-By LeN Colombo Investigative Correspondent
(Lanka-e-News -28.June.2025, 9.10 AM) While the nation struggled through economic austerity, political instability, and IMF-enforced belt-tightening, Sri Lanka’s former interim President Ranil Wickremesinghe quietly cultivated a reputation of a different sort — one more at home on a runway than in a parliament chamber.

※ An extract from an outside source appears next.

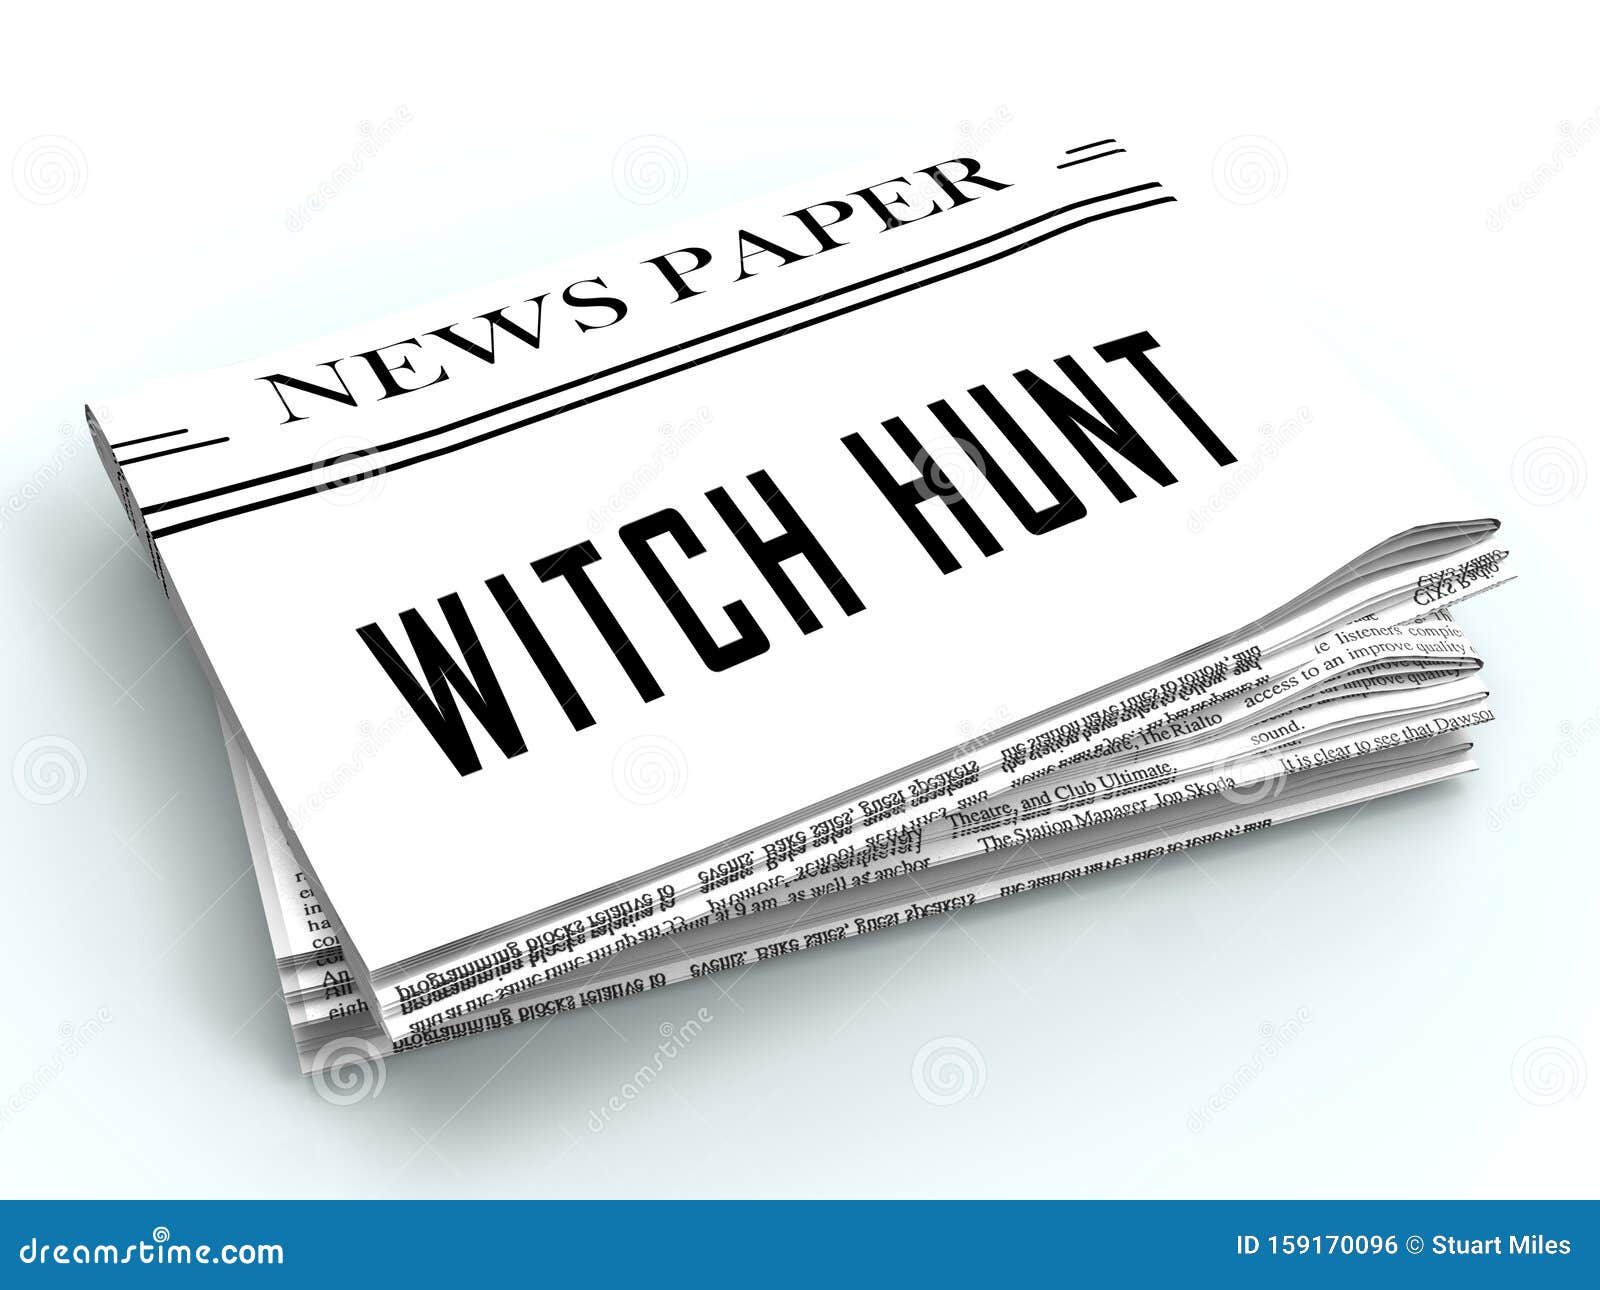 witch hunt newspaper meaning harassment or bullying to threaten or persecute 3d

New revelations emerging from the Criminal Investigation Department (CID) and recently tabled before the Colombo Fort Magistrate’s Court expose an extraordinary record of state-sponsored globetrotting: over 426 individuals are confirmed to have accompanied President Wickremesinghe on 23 foreign tours between 2022 and 2024.
The total bill to the taxpayer? A staggering over Rs. 1 billion — enough to build several rural hospitals or fund a year’s worth of free school lunches.
Yet, the question remains: What national purpose did this serve? Or was it simply a diplomatic joyride at public expense?
The breakdown of Wickremesinghe’s global engagements reads more like a manifesto for high society diplomacy than crisis management. According to official figures submitted to court:
In 2022, during the immediate aftermath of Gotabaya Rajapaksa’s resignation, Wickremesinghe led 4 foreign visits, accompanied by 63 individuals, at a cost of Rs. 130 million.
In 2023, this ballooned into 14 foreign tours with a mind-boggling 252 delegates, at an expense of Rs. 578 million.
By 2024, despite growing domestic calls for fiscal prudence, 5 more overseas visits followed, involving 111 participants, costing another Rs. 300 million.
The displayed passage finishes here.